Я смотрел вокруг и понимал, что это не тот город, в котором я когда-то любил и был любим. Которому от наших юных, щедрых чувств доставалась радость узнавания и благодарность за уют аллей и скверов. Москва времен Екатерины не внушала уважения и не возбуждала гордости.
Да, сталинская Москва в поисках имперского величия потеряла много памятников своей истории. Искренне жаль. Но эта, дворянская, Москва их ещё даже не приобрела. Закладывать грандиозную столицу надо именно сейчас, пока это совершенно не больно.
«Хотя, конечно, памятники допетровской старины сохранить надо непременно. Жаль, что стены Белого города уже разрушены…»
Только подумал я, как на площади Арбатских ворот увидел совершенно целую воротную башню и одну примыкающую стену, уходящую от нее в сторону Воздвиженки. Когда я подъехал поближе, то увидел, что в самой башне была устроена часовня.
«Стало быть, сюда ещё не добрались добытчики кирпича и камня. Это же просто прекрасно!»
Я пожелал осмотреть остатки укреплений Белого города, и мы поехали по будущему Никитскому бульвару. К сожалению, уцелевший участок оказался невелик. Одна не проездная башня где-то в районе современного мне МХАТа и Никитские ворота. Дальше стены уже выглядели как груда кирпичей, исчезающая по мере приближения к Воспитательному дому, который эту стену и сожрал.

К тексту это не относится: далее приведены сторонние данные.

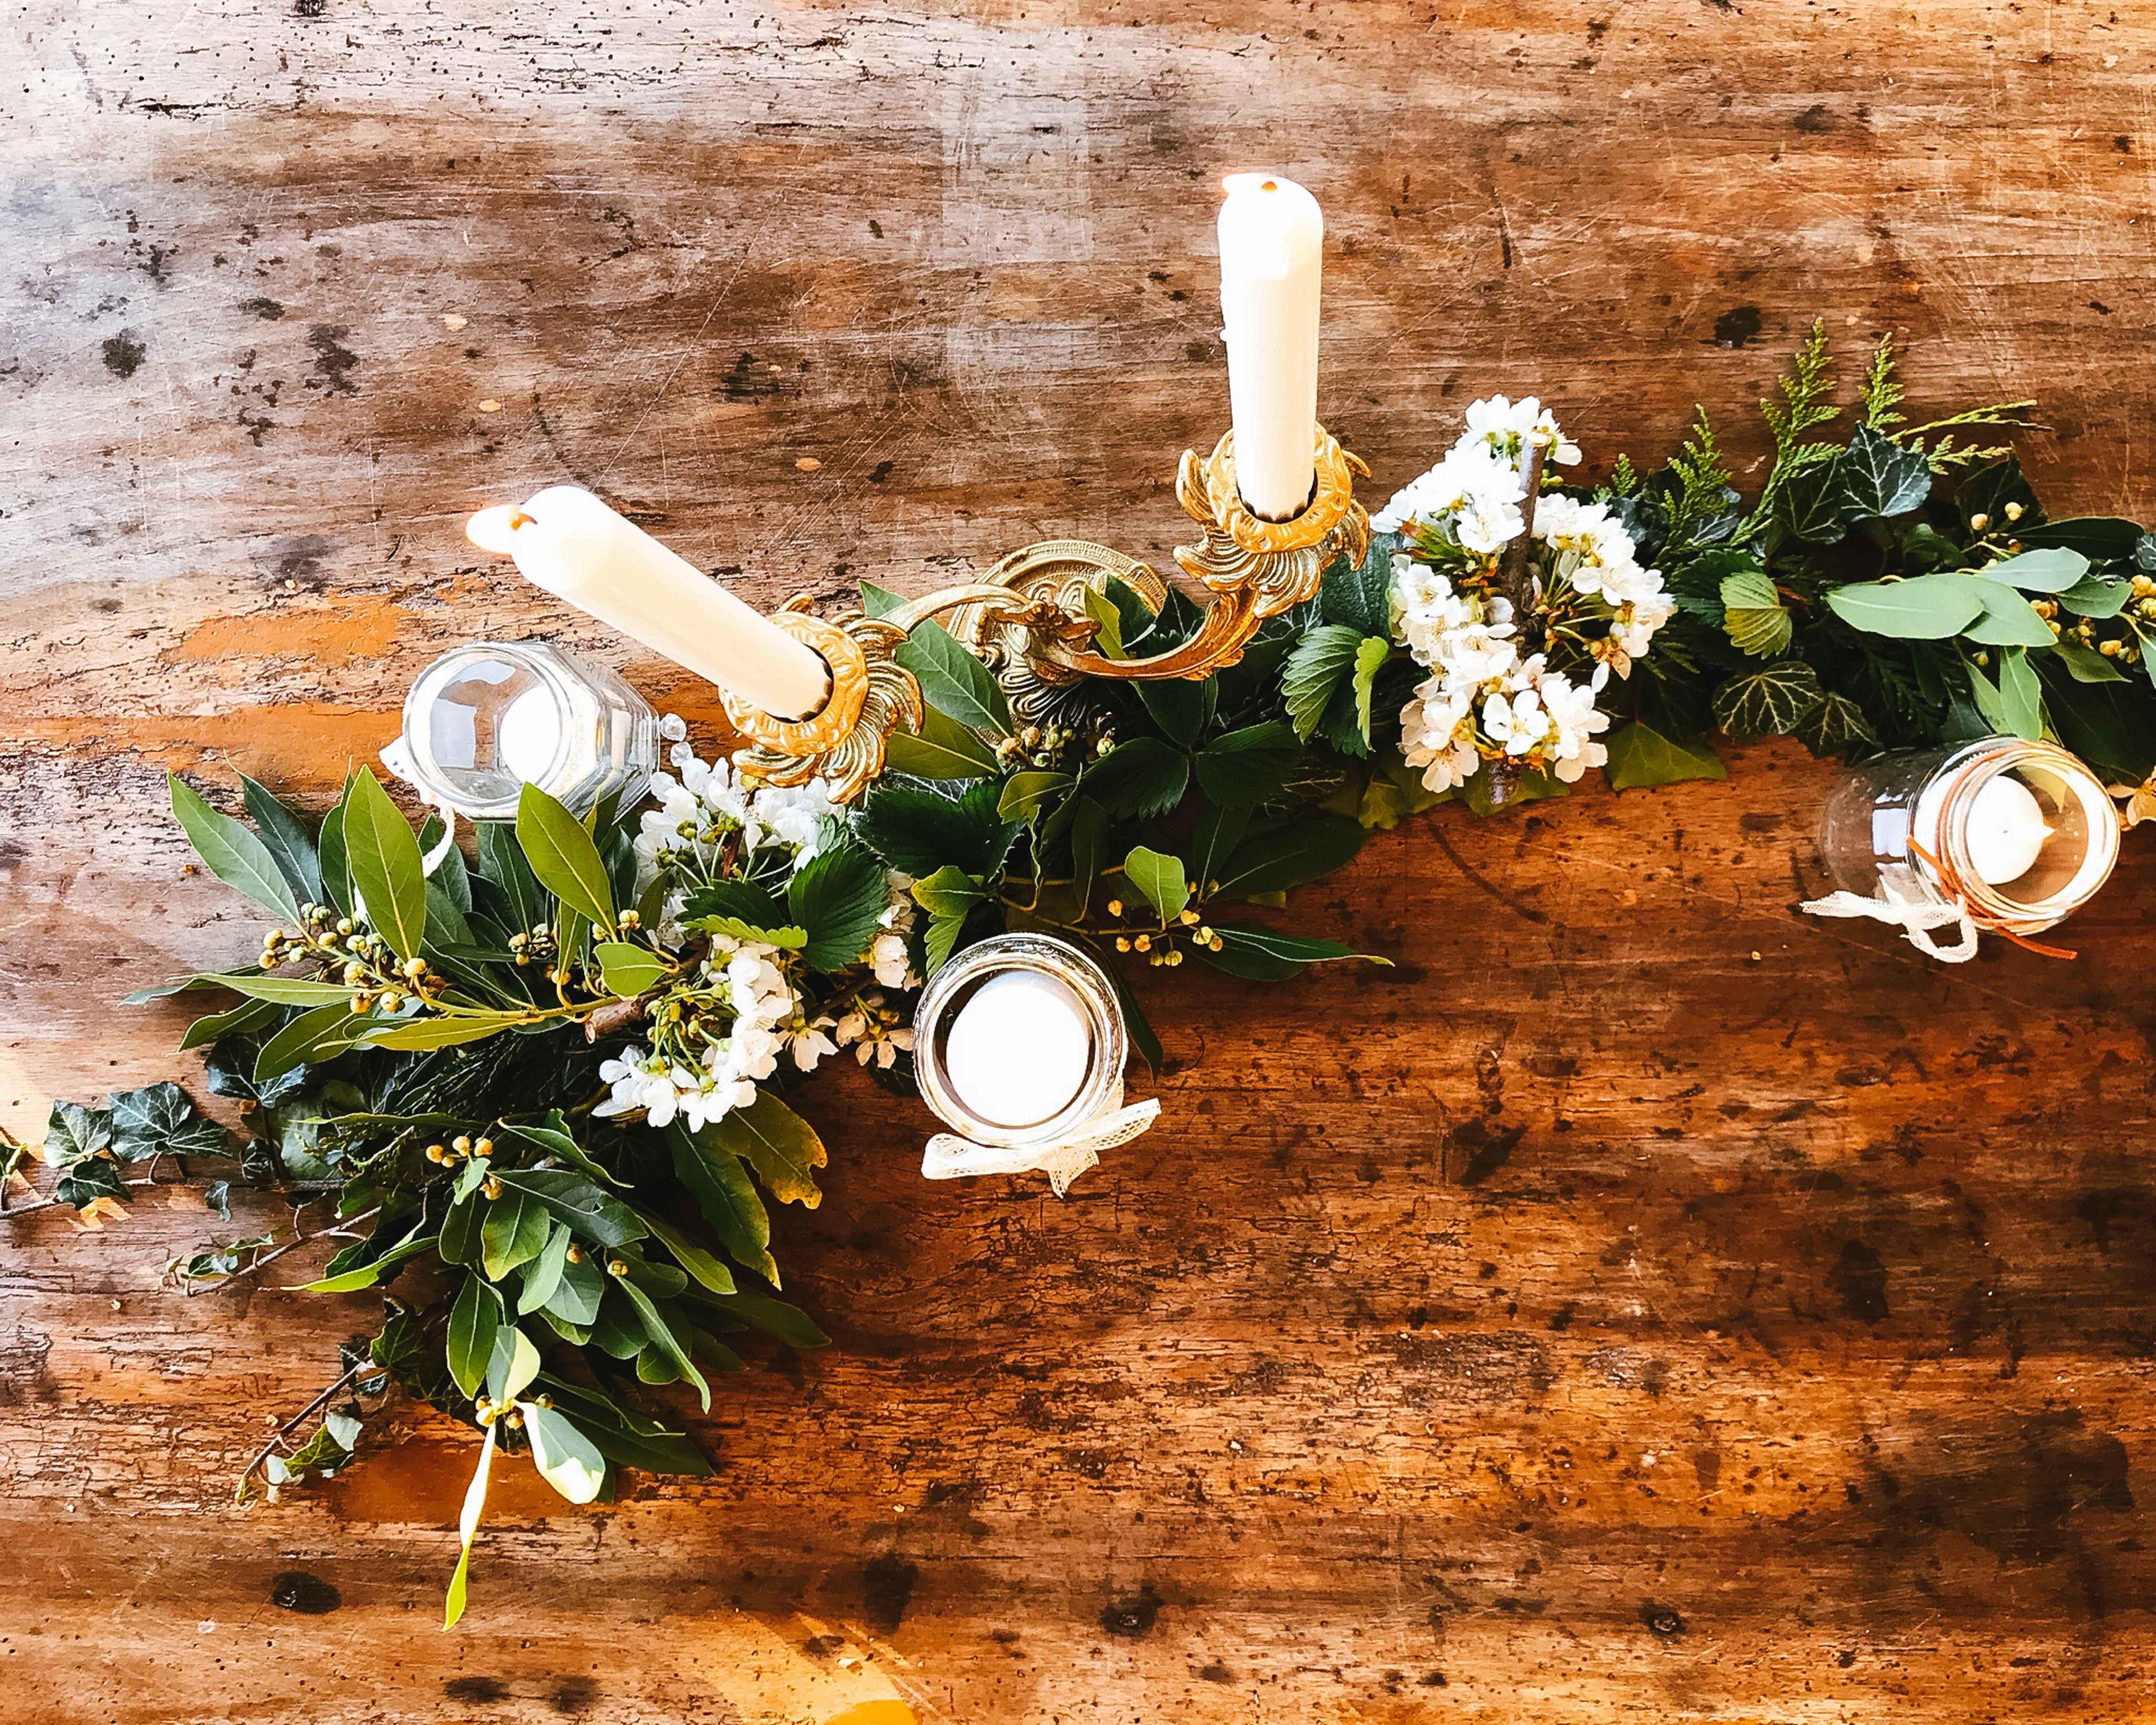 décoration florale mariage vintage chemin de table

«Ну что же. Сохраним хотя бы оставшееся. Бульварное кольцо можно будет чуть сдвинуть, а уцелевшие стены спрятать в парковой зоне, — думал я. — Под стенами крепости гармонично будут смотреться подмостки летнего театра. А можно будет и стадион организовать. Трибуны прекрасно прислонятся к старинной стене».
Так вдоль остатков древней фортификации мы доехали до речки Неглинки. Точнее, до того места, где Неглинка была запружена и разливалась немалым озером. По словам Коробицина, такая же запруда была и перед остатками стены Земляного города.
К Кремлю Неглинка текла меж топких, заросших берегов, изрезанных сточными канавами. По мере приближения к Китай-городу вонь от речки становилась все сильнее и сильнее.
«Понятно, почему ее в трубу спрятали, — с грустью подумал я. — А ведь могло получиться очень красиво. Водные пространства в городе — это благо, если, конечно за ними ухаживать».